Begin at the line where "Ristorante Hotel Milano" appears and reproduce exactly every line through the end of the data below, both included, skipping pictures.

Data extract ->
Start of Block

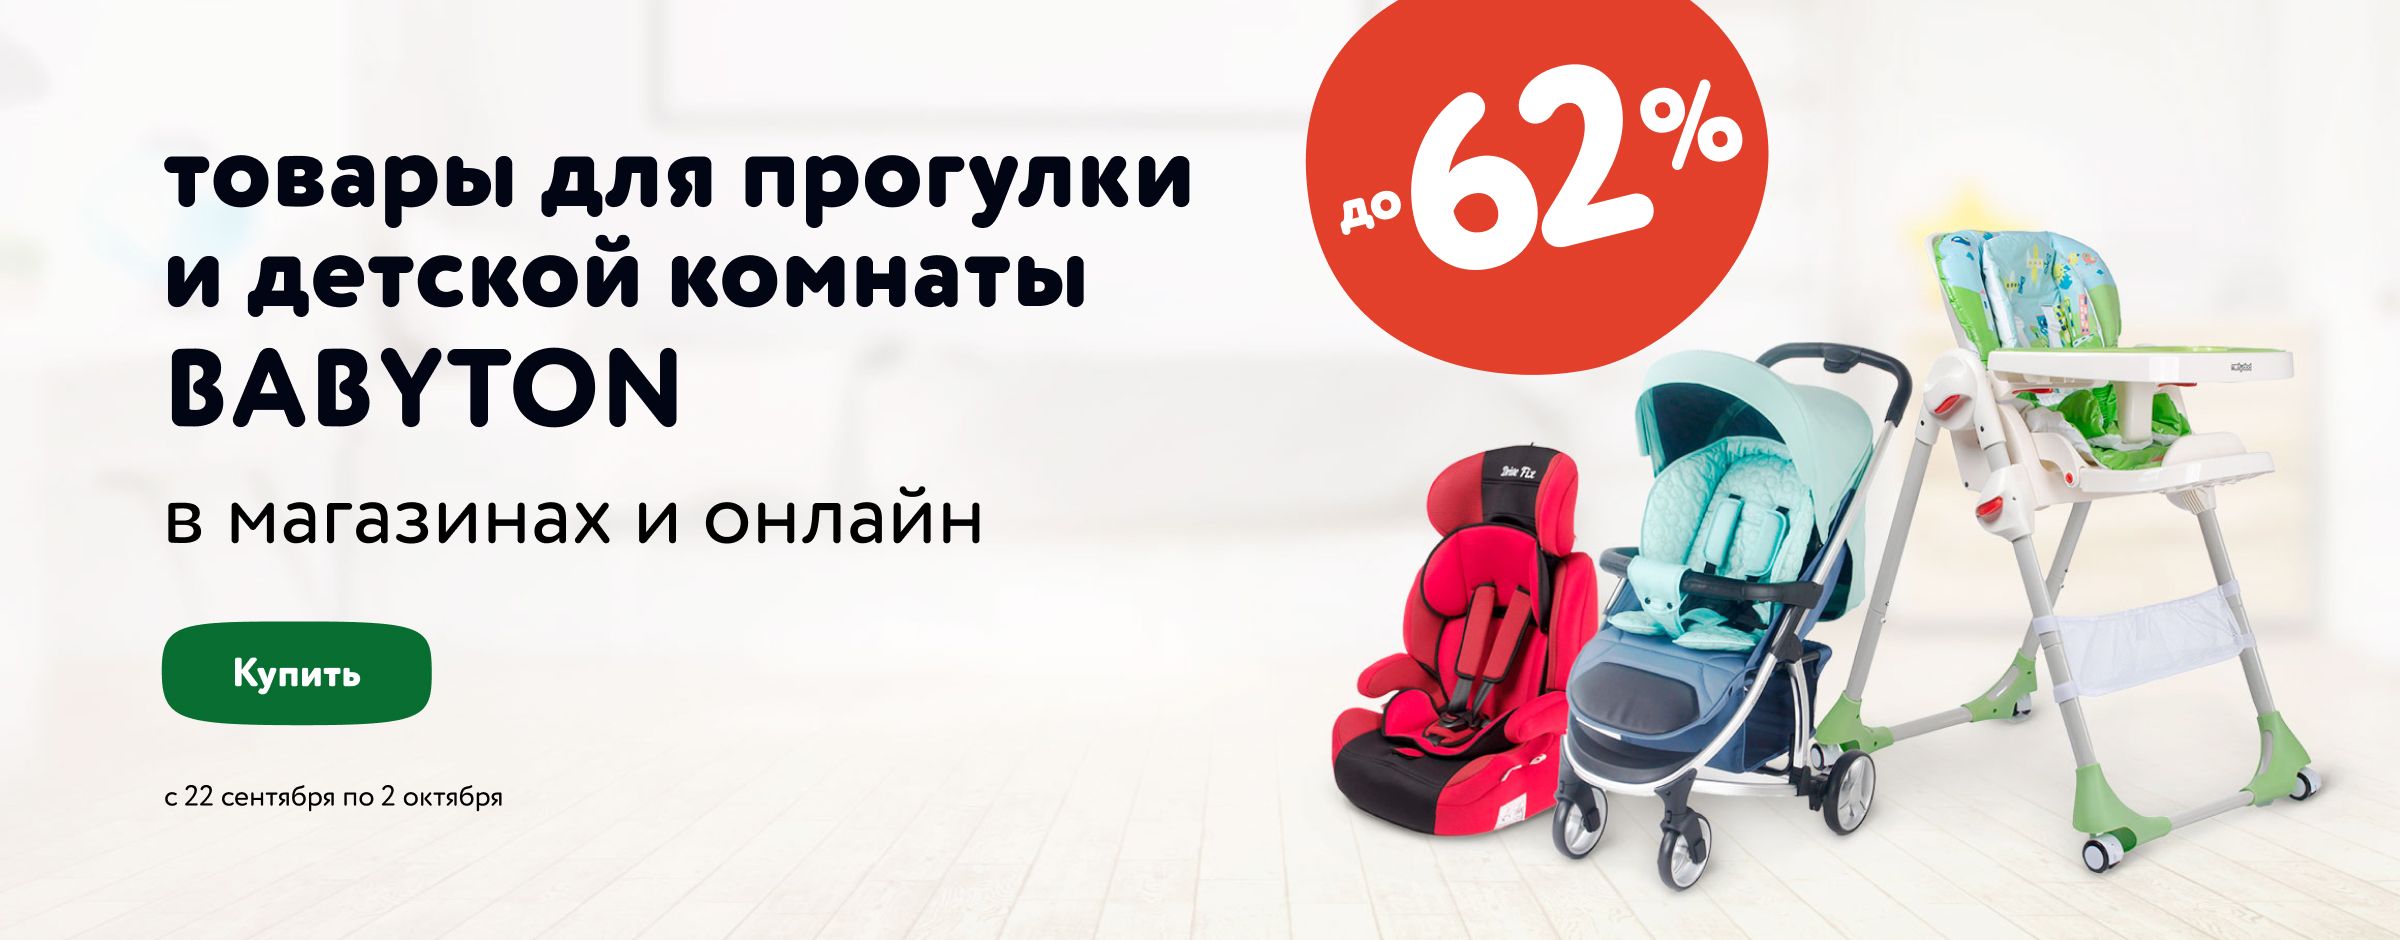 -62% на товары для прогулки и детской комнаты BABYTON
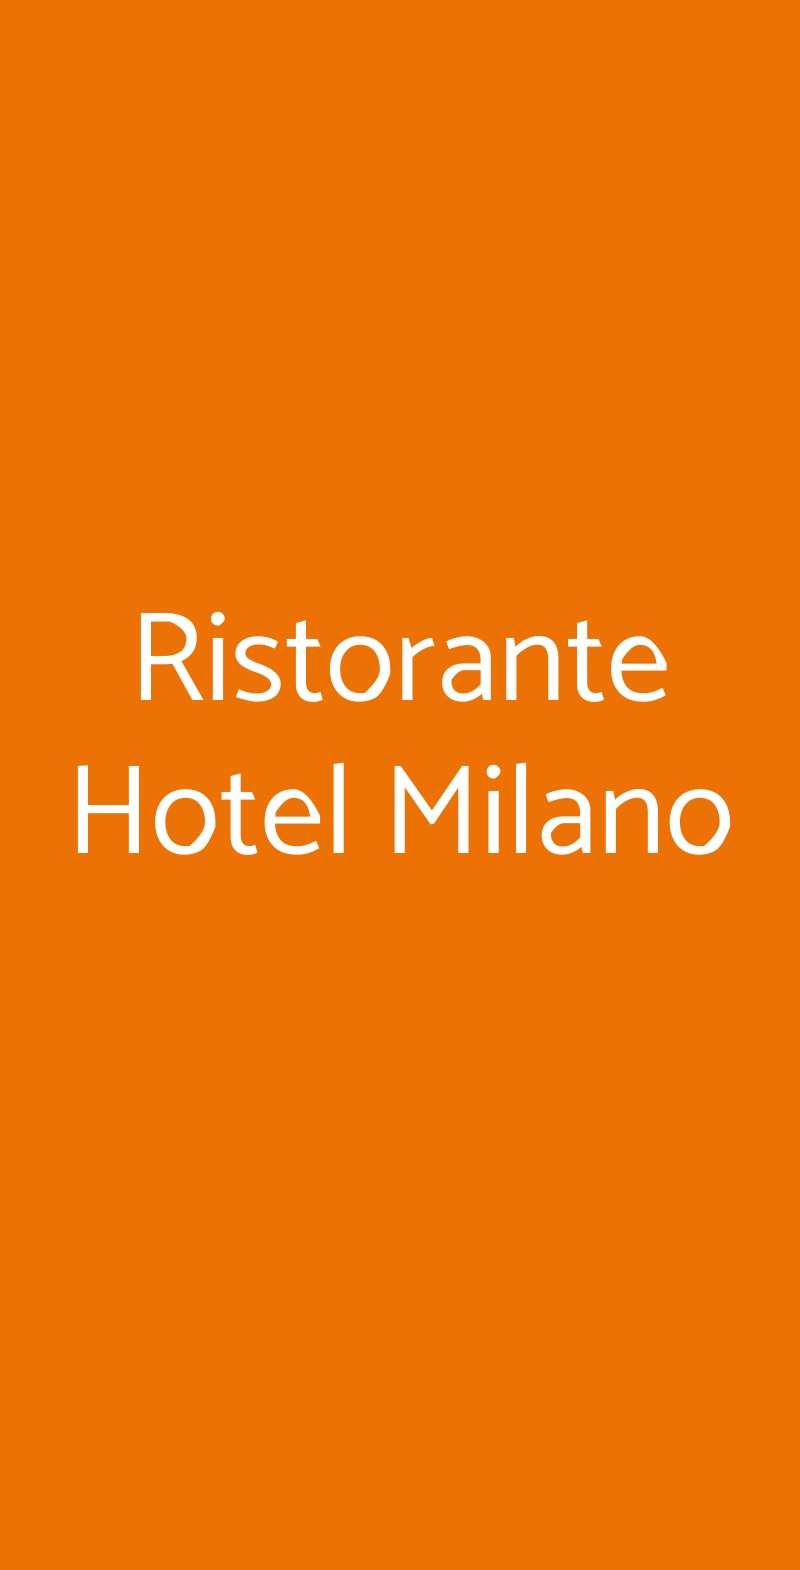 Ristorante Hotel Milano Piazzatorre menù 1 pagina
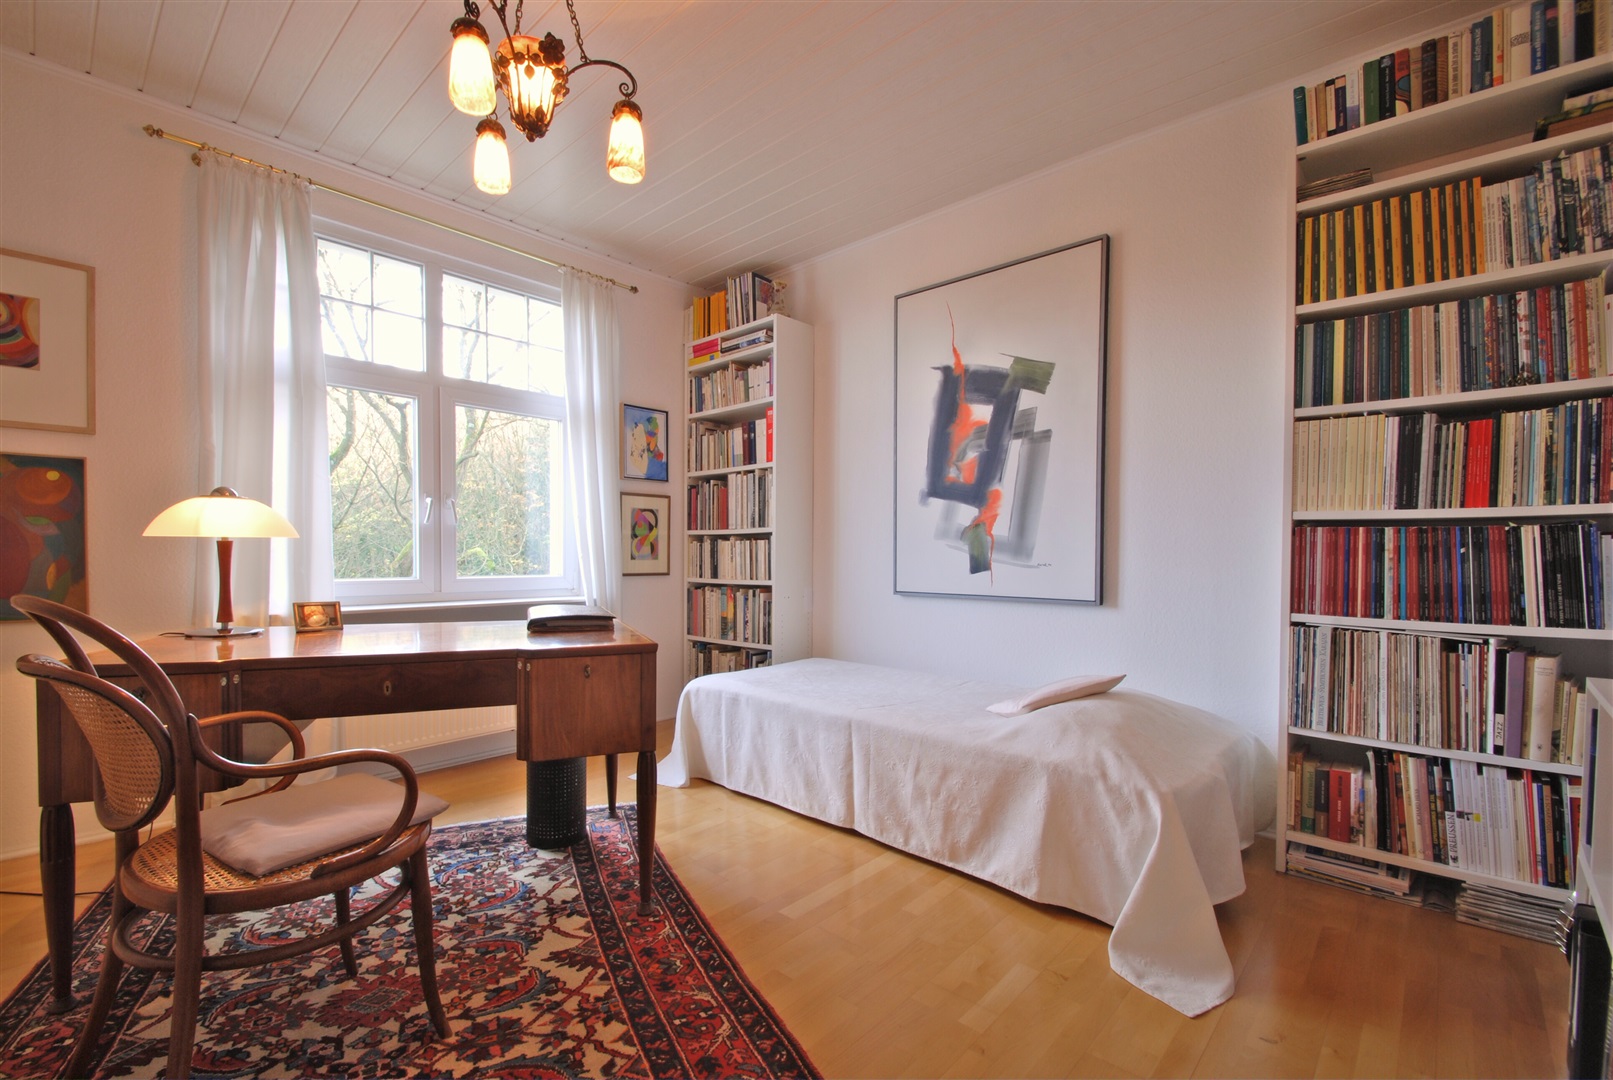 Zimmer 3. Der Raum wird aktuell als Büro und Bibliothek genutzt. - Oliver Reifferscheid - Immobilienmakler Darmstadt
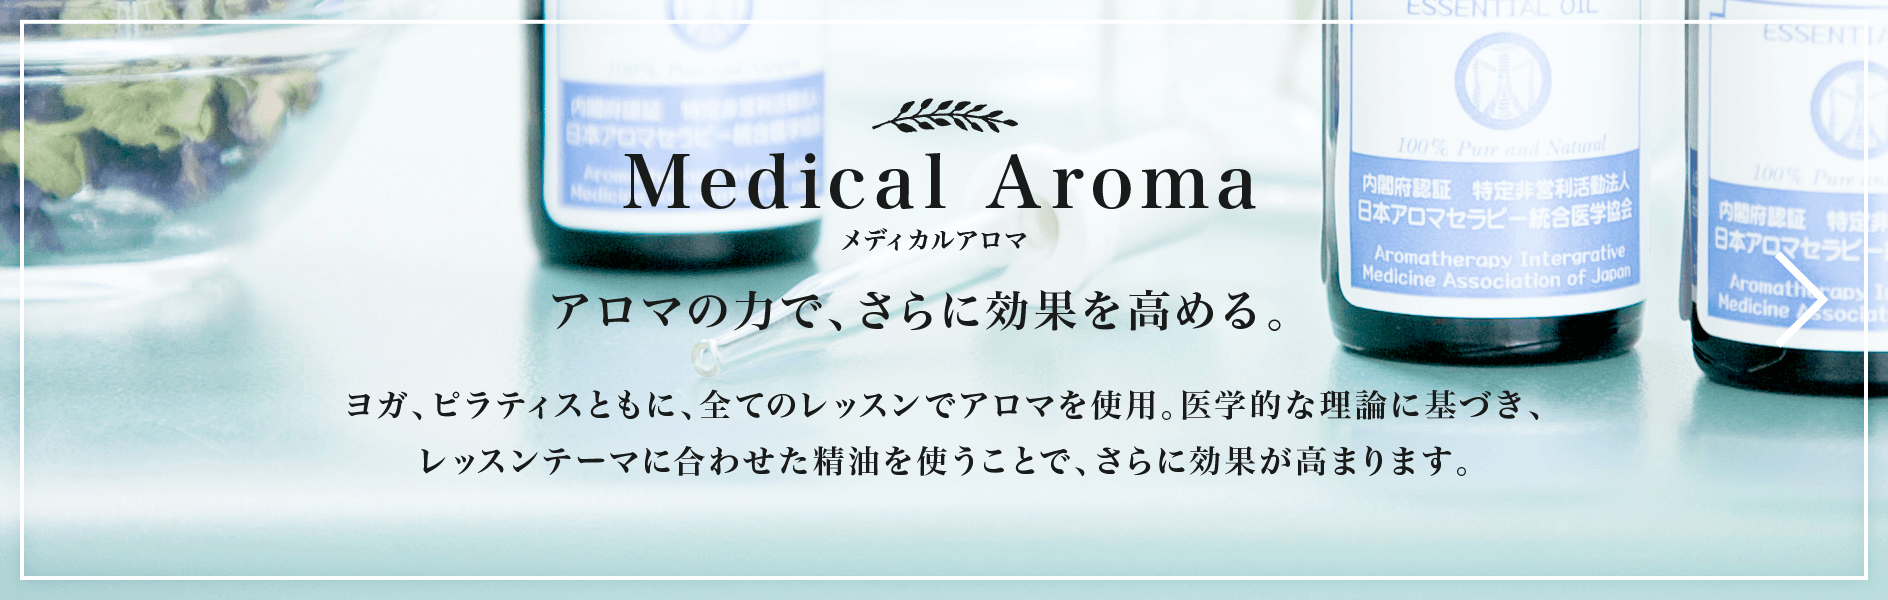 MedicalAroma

End of Block

Exercise result ->
 Ristorante Hotel Milano Piazzatorre menù 1 pagina
 Zimmer 3. Der Raum wird aktuell als Büro und Bibliothek genutzt. - Oliver Reifferscheid - Immobilienmakler Darmstadt
 MedicalAroma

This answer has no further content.